_Task objective_
Could the data below please be reproduced word for word, without the pictures?

_Data extract_
* * *

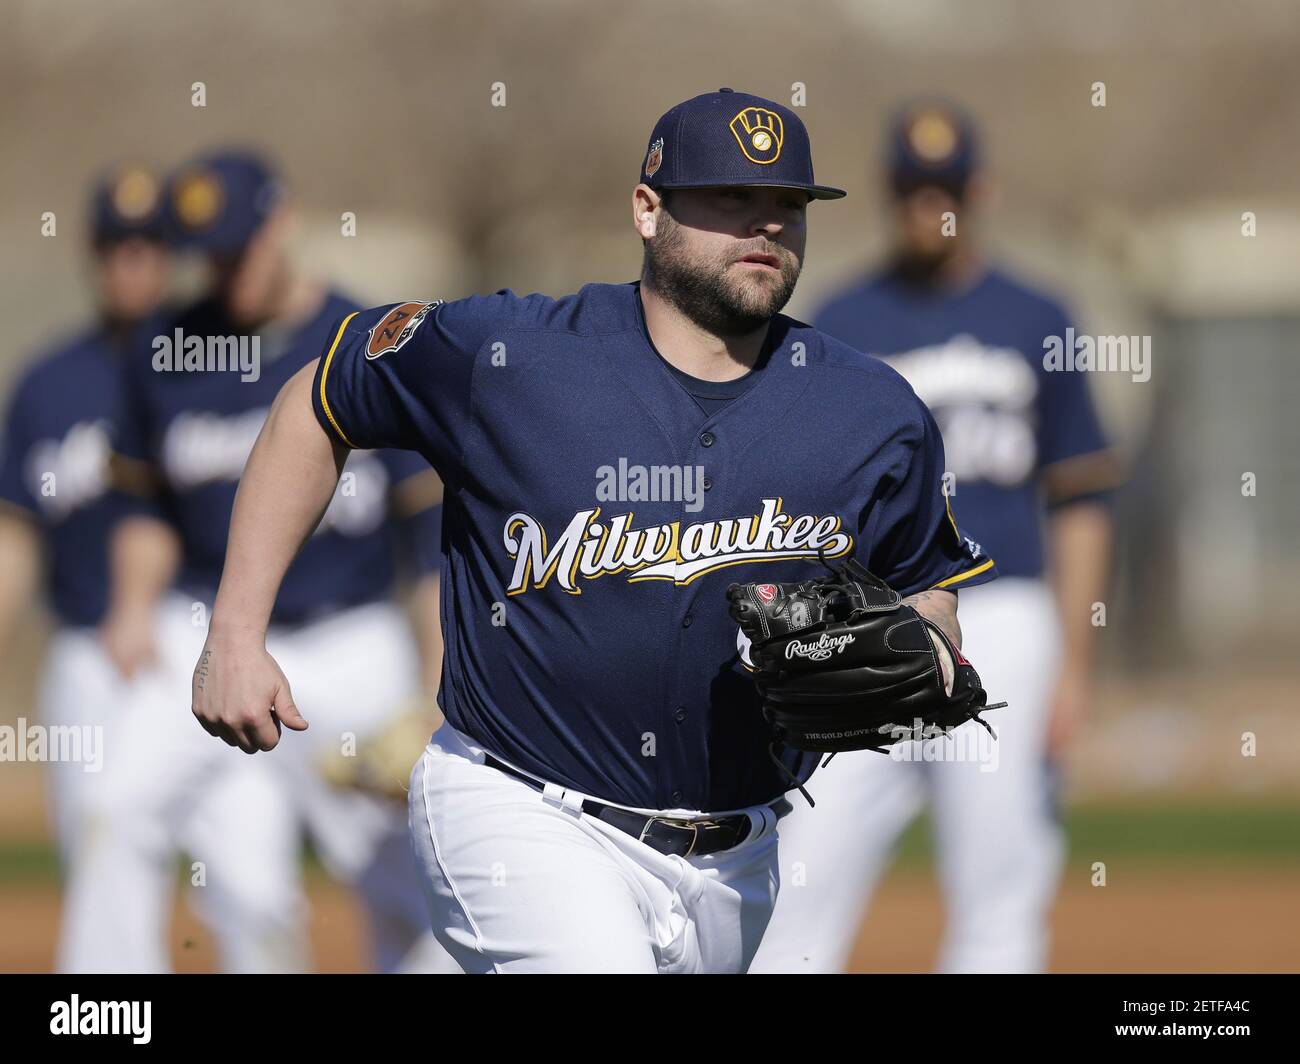 Feb 16, 2017; Maryvale, AZ, USA; Milwaukee Brewers relief pitcher Joba Chamberlain (62) covers first base during spring training camp drills at Maryvale Baseball Park. Mandatory Credit: Rick Scuteri-USA TODAY Sports *** Please Use Credit from Credit Field *** Stock Photo
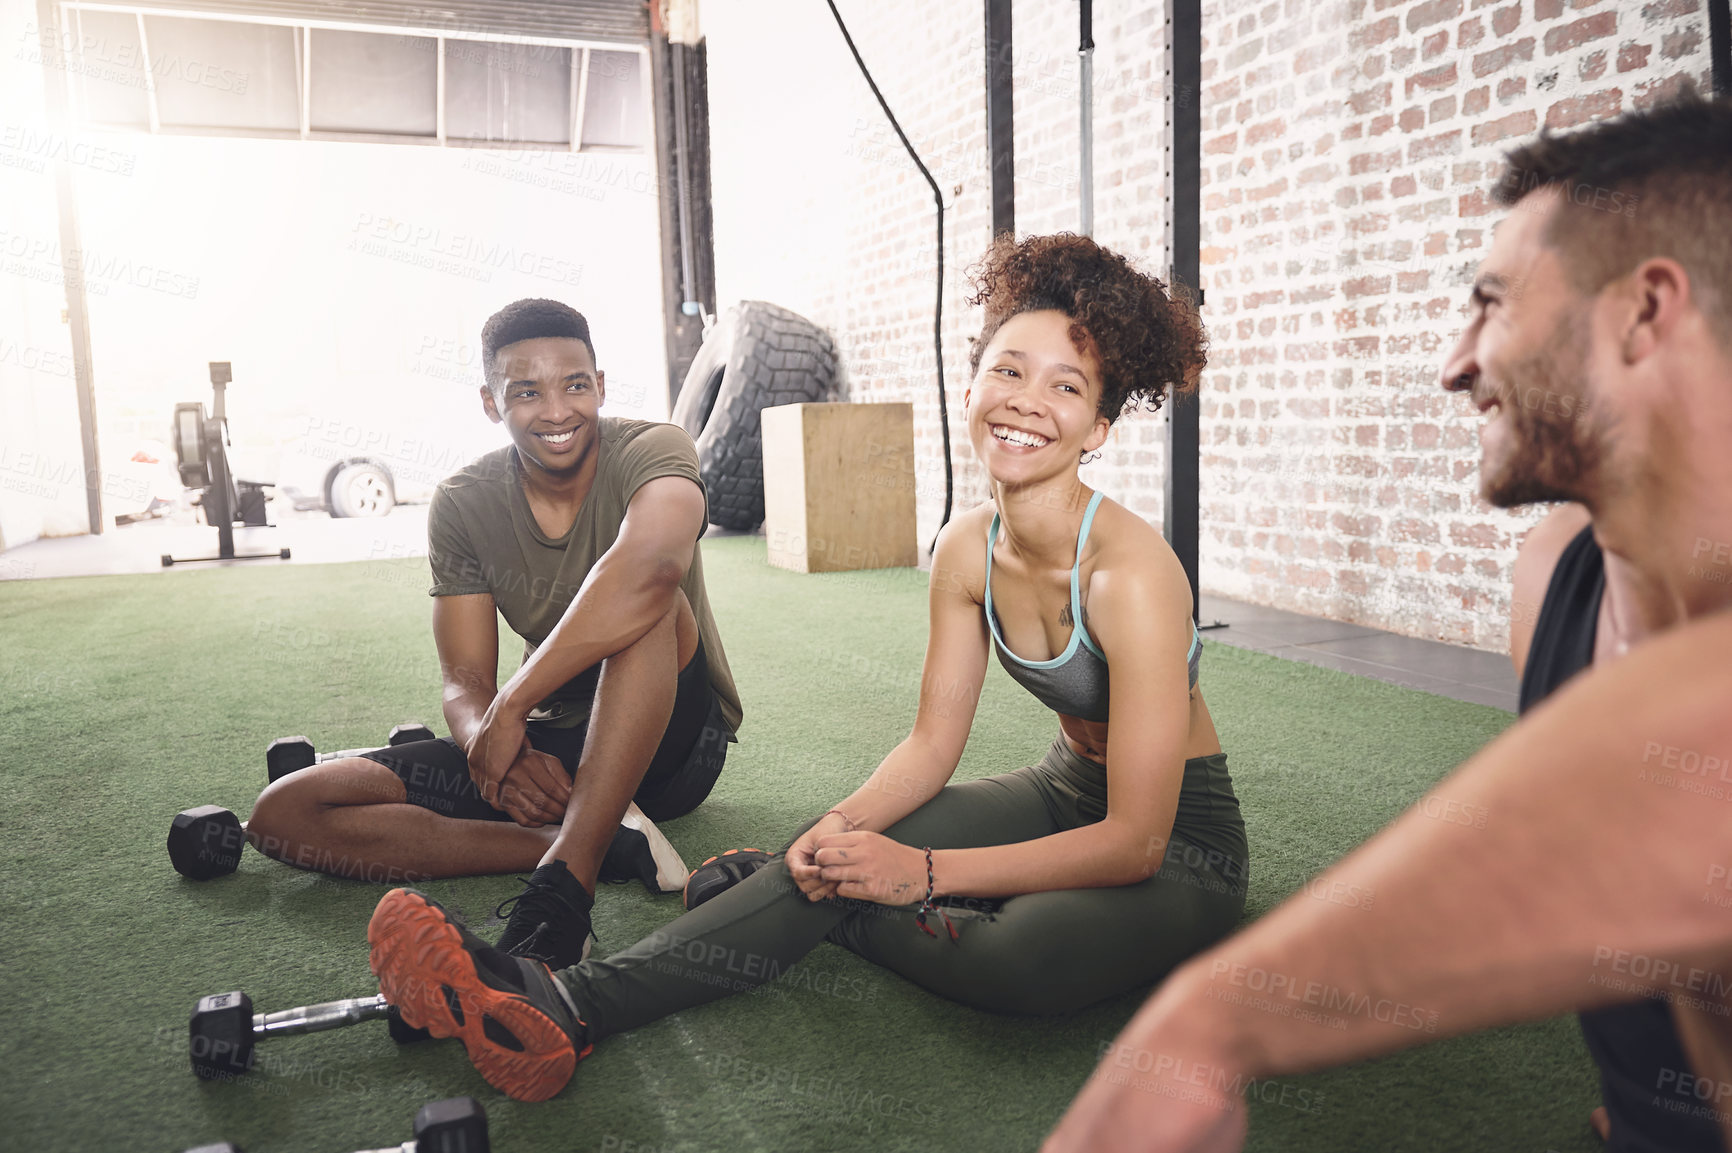 Buy stock photo Shot of three sporty young people talking while sitting together in a gym
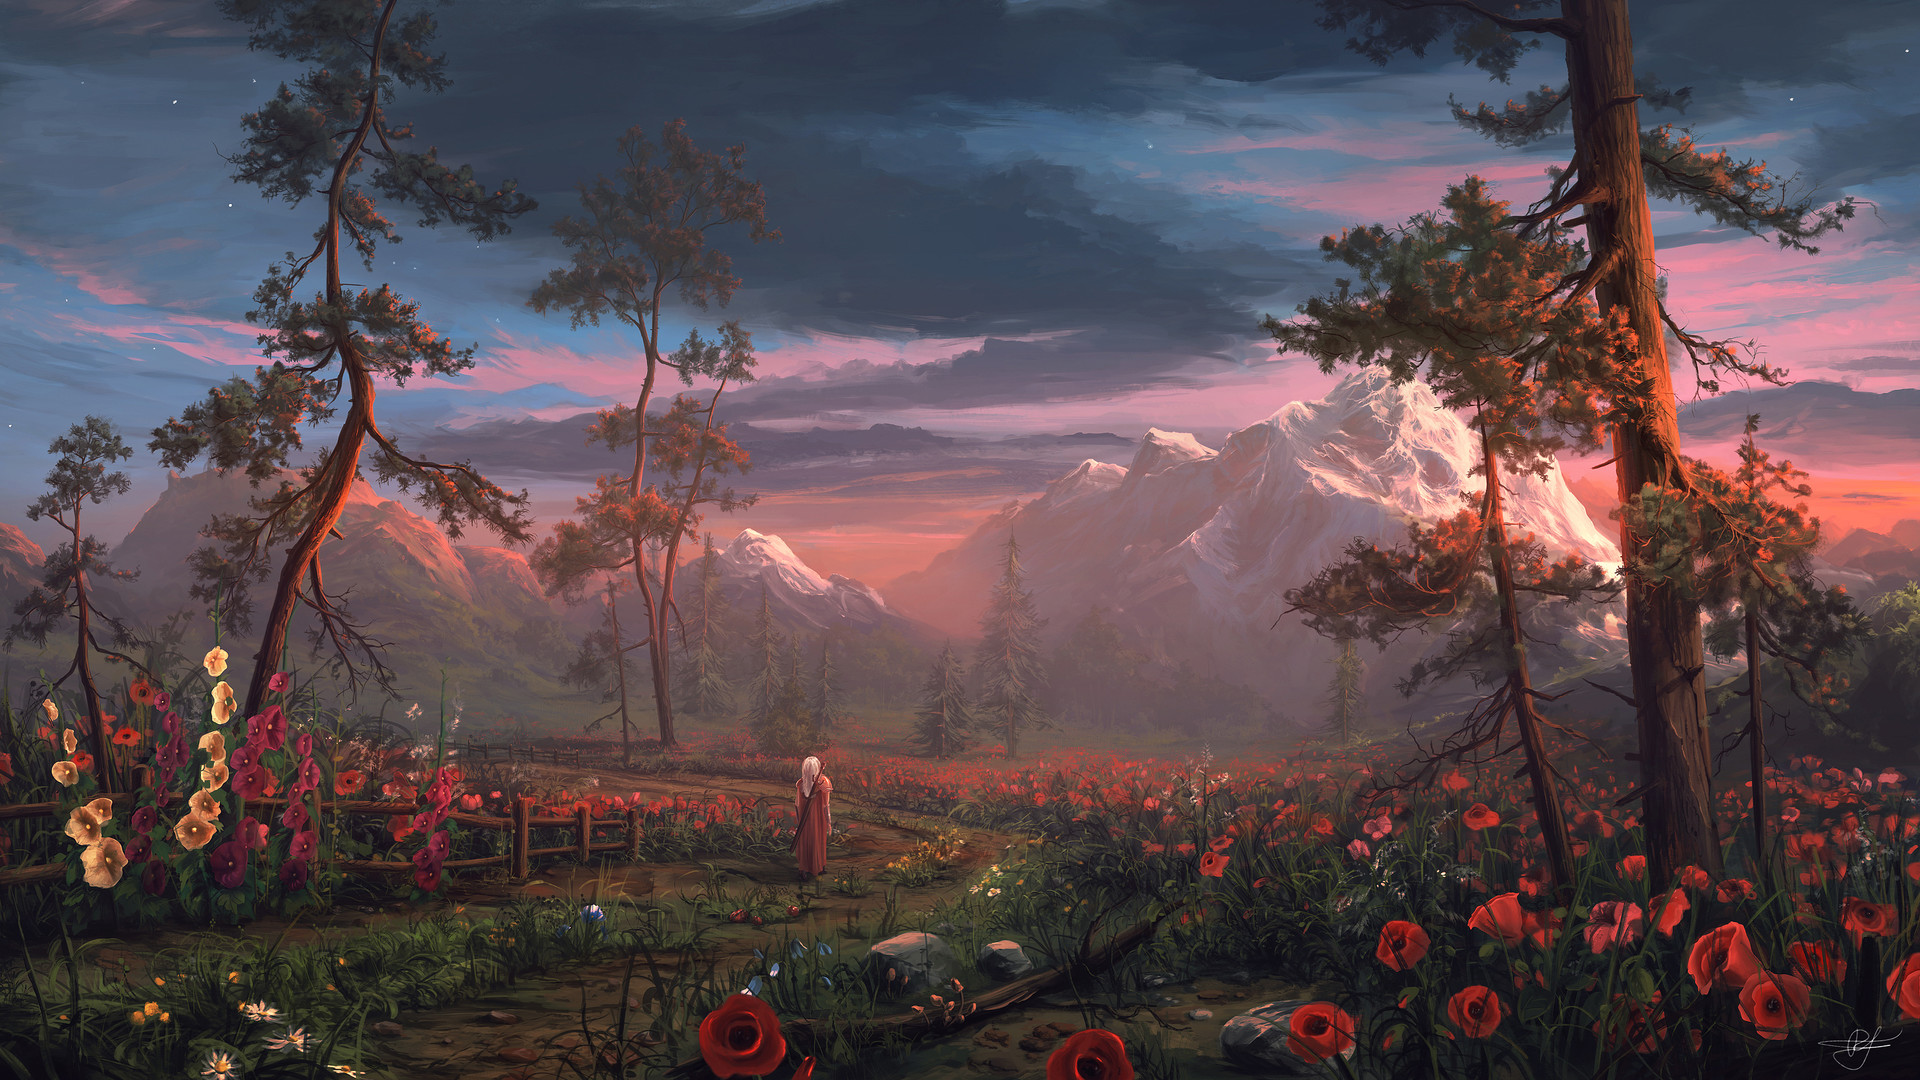 General 1920x1080 Max Suleimanov digital art landscape poppies mountains trees clouds The Witcher 3: Wild Hunt

* * *

_Exercise result_
 Feb 16, 2017; Maryvale, AZ, USA; Milwaukee Brewers relief pitcher Joba Chamberlain (62) covers first base during spring training camp drills at Maryvale Baseball Park. Mandatory Credit: Rick Scuteri-USA TODAY Sports *** Please Use Credit from Credit Field *** Stock Photo
 Buy stock photo Shot of three sporty young people talking while sitting together in a gym
 General 1920x1080 Max Suleimanov digital art landscape poppies mountains trees clouds The Witcher 3: Wild Hunt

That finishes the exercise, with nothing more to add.